## Exercise description
All entries need to be written out again exactly, without their pictures.

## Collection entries
+ + +
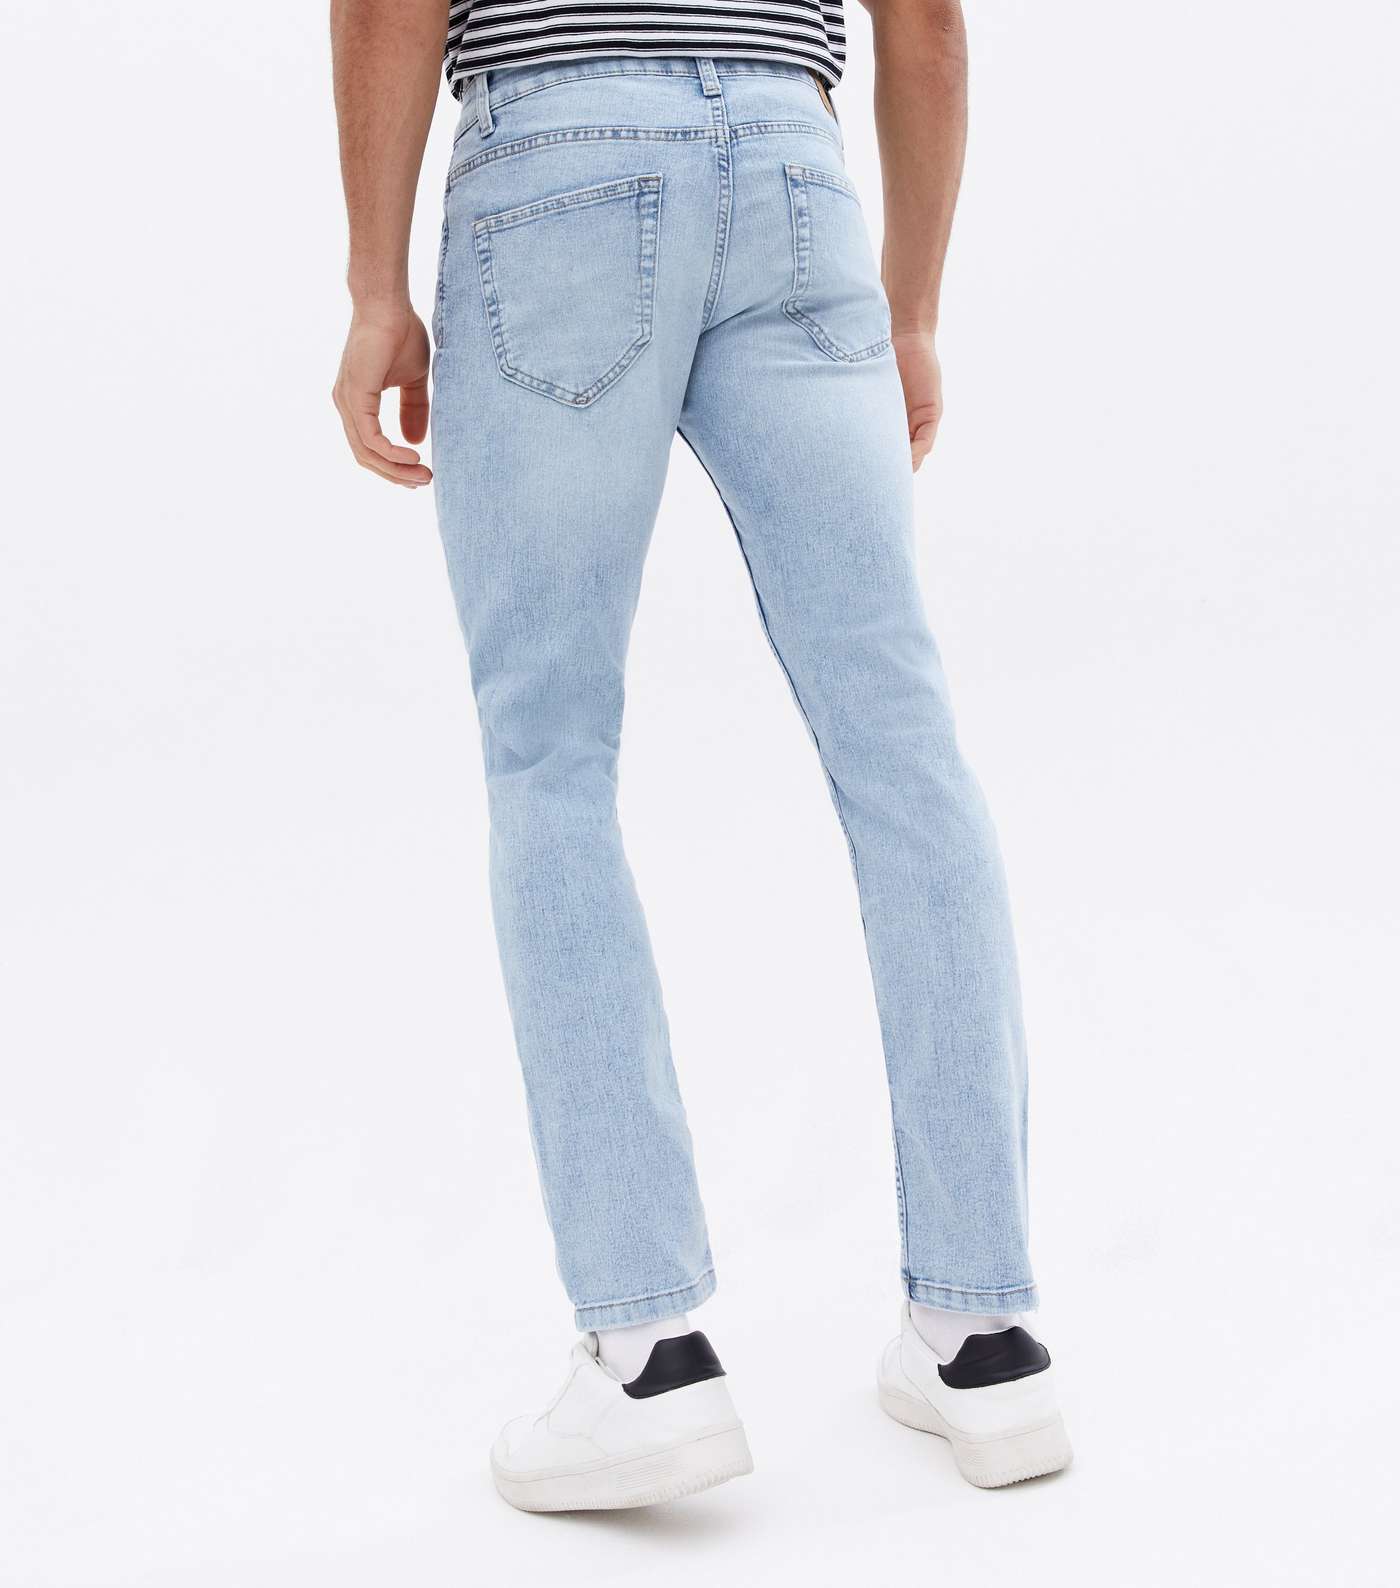 Only & Sons Pale Blue Slim Fit Jeans Image 4
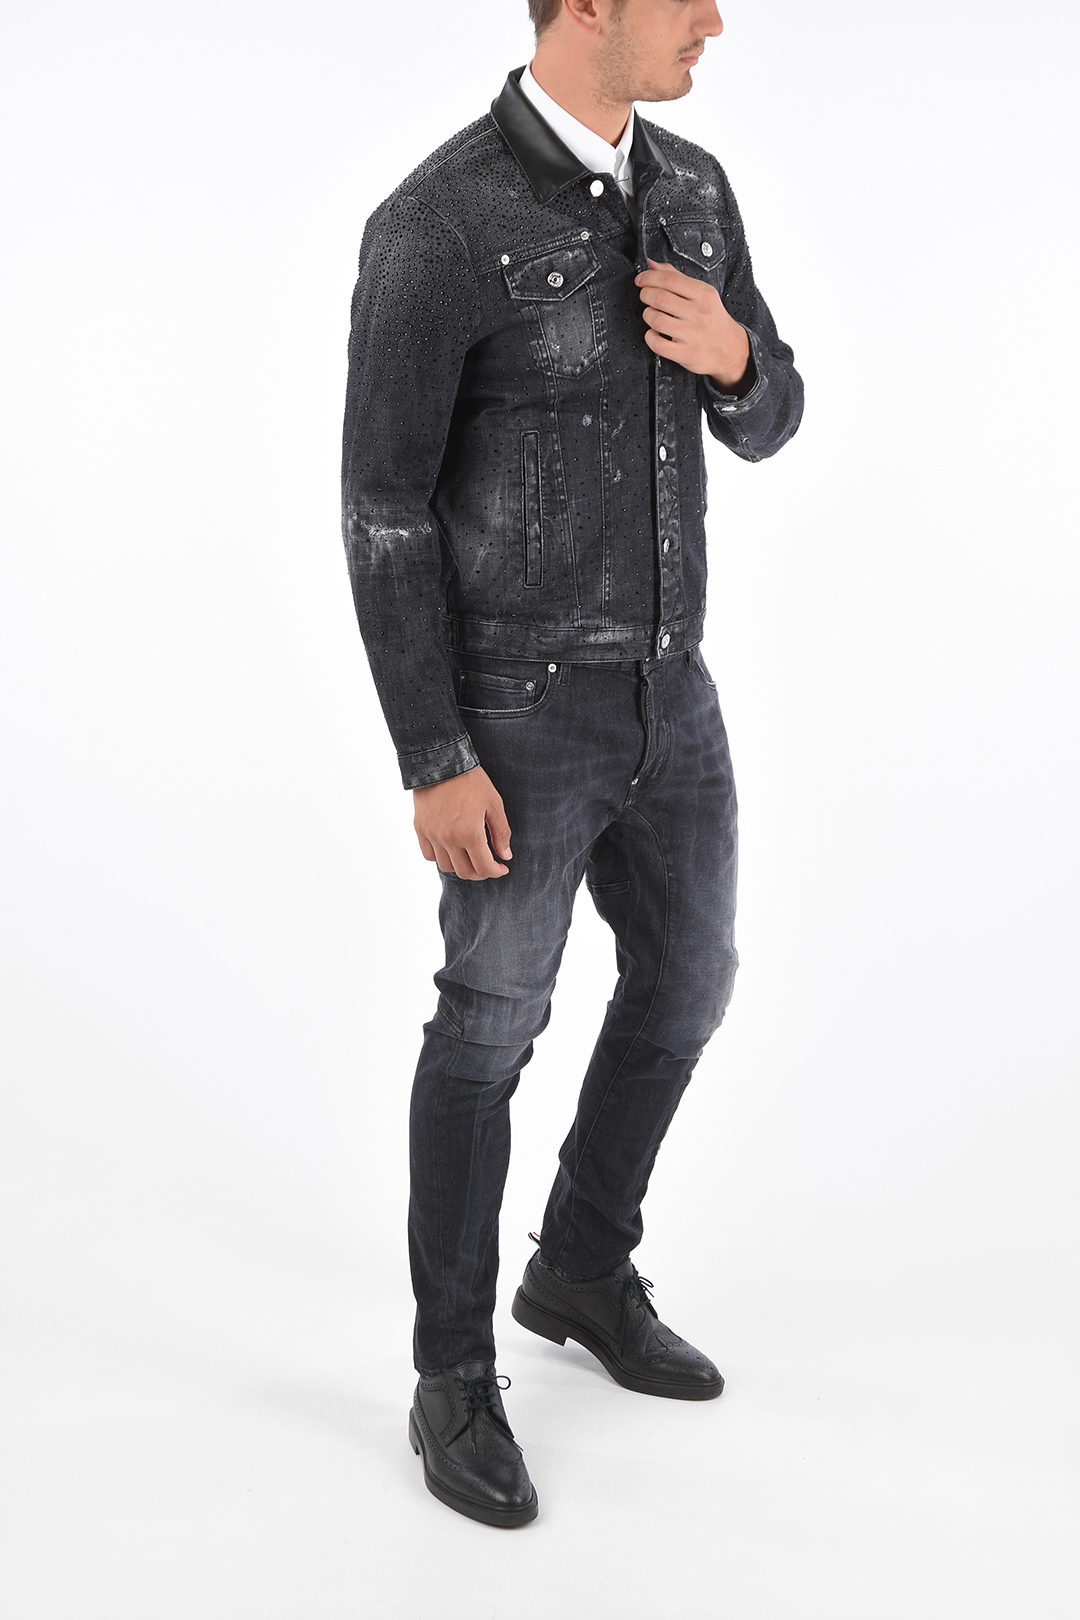 Discover more than 145 dsquared denim jacket latest
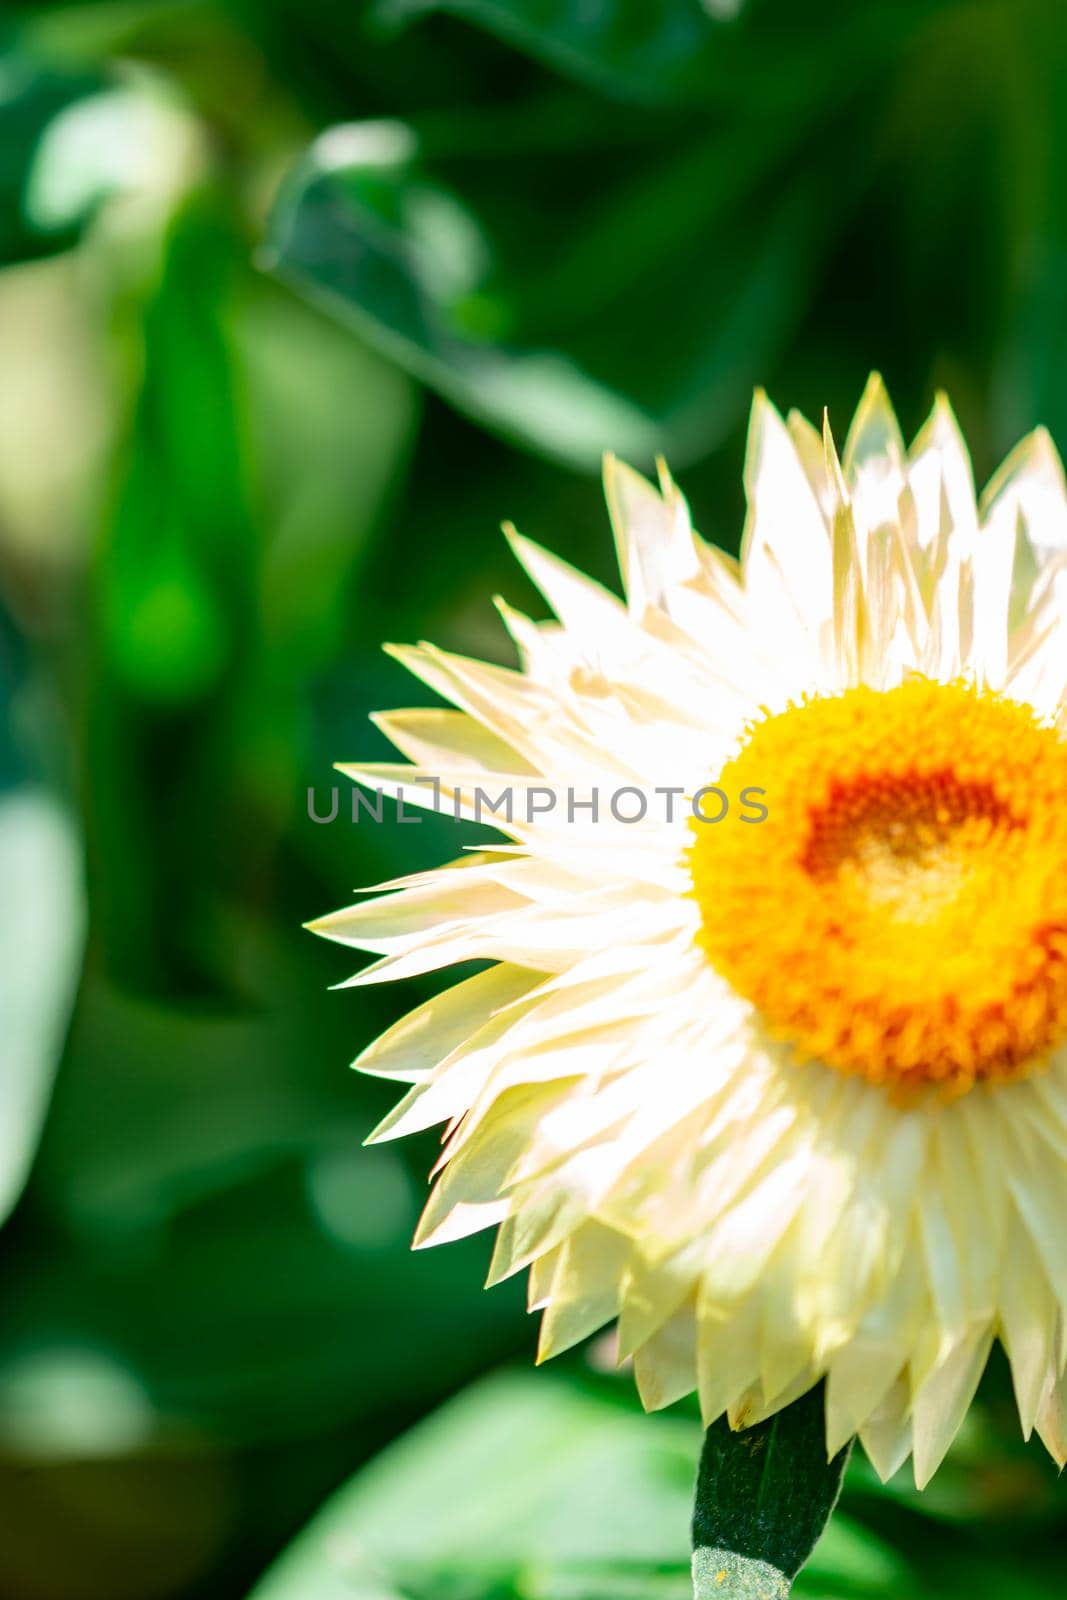 Vertical closeup shot of a yellow flower cut in half with a soft blurry background image with some room for text
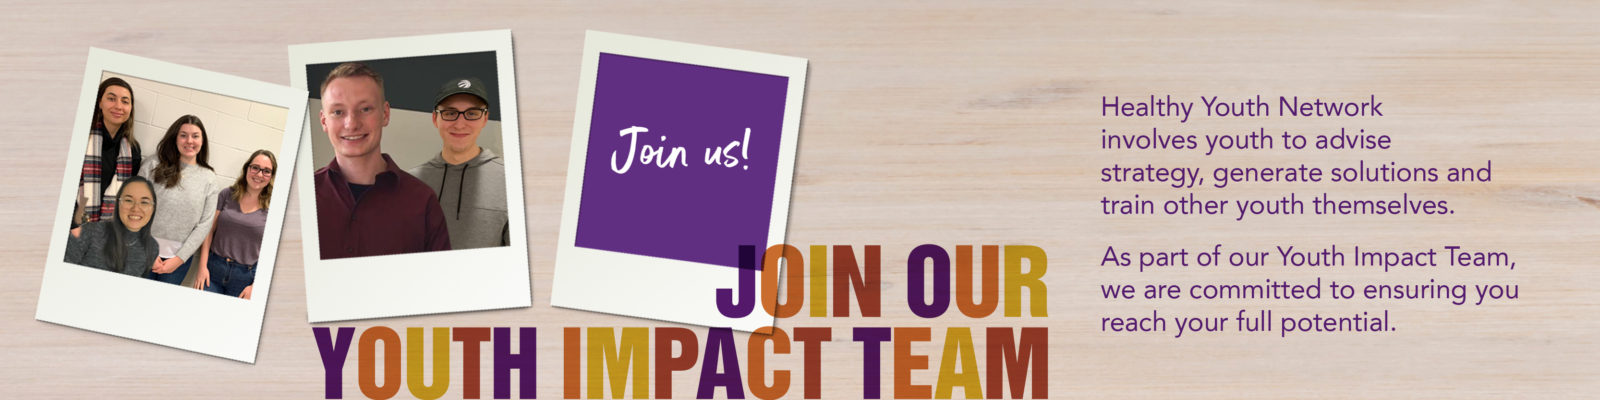 Join our Youth Impact Team
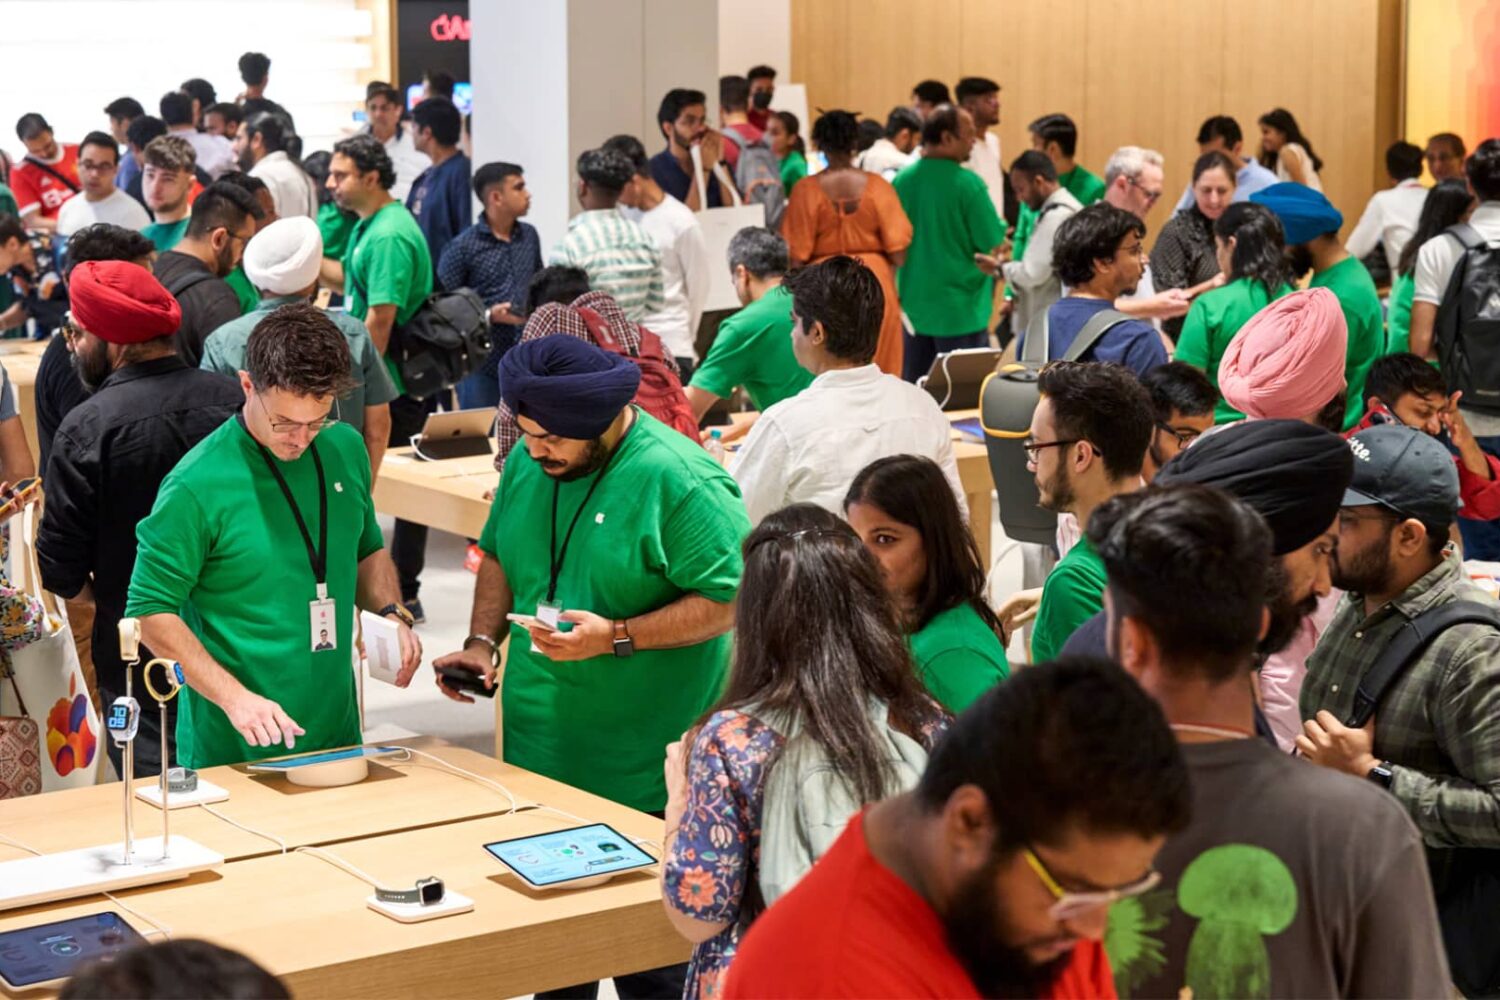 Interior shot of Apple's retail store in New Delhi showcasing crowds on opening day
+ + +
## Solution for this problem
 Only & Sons Pale Blue Slim Fit Jeans Image 4
 Discover more than 145 dsquared denim jacket latest
 Vertical closeup shot of a yellow flower cut in half with a soft blurry background image with some room for text
 Join our Youth Impact Team
 Interior shot of Apple's retail store in New Delhi showcasing crowds on opening day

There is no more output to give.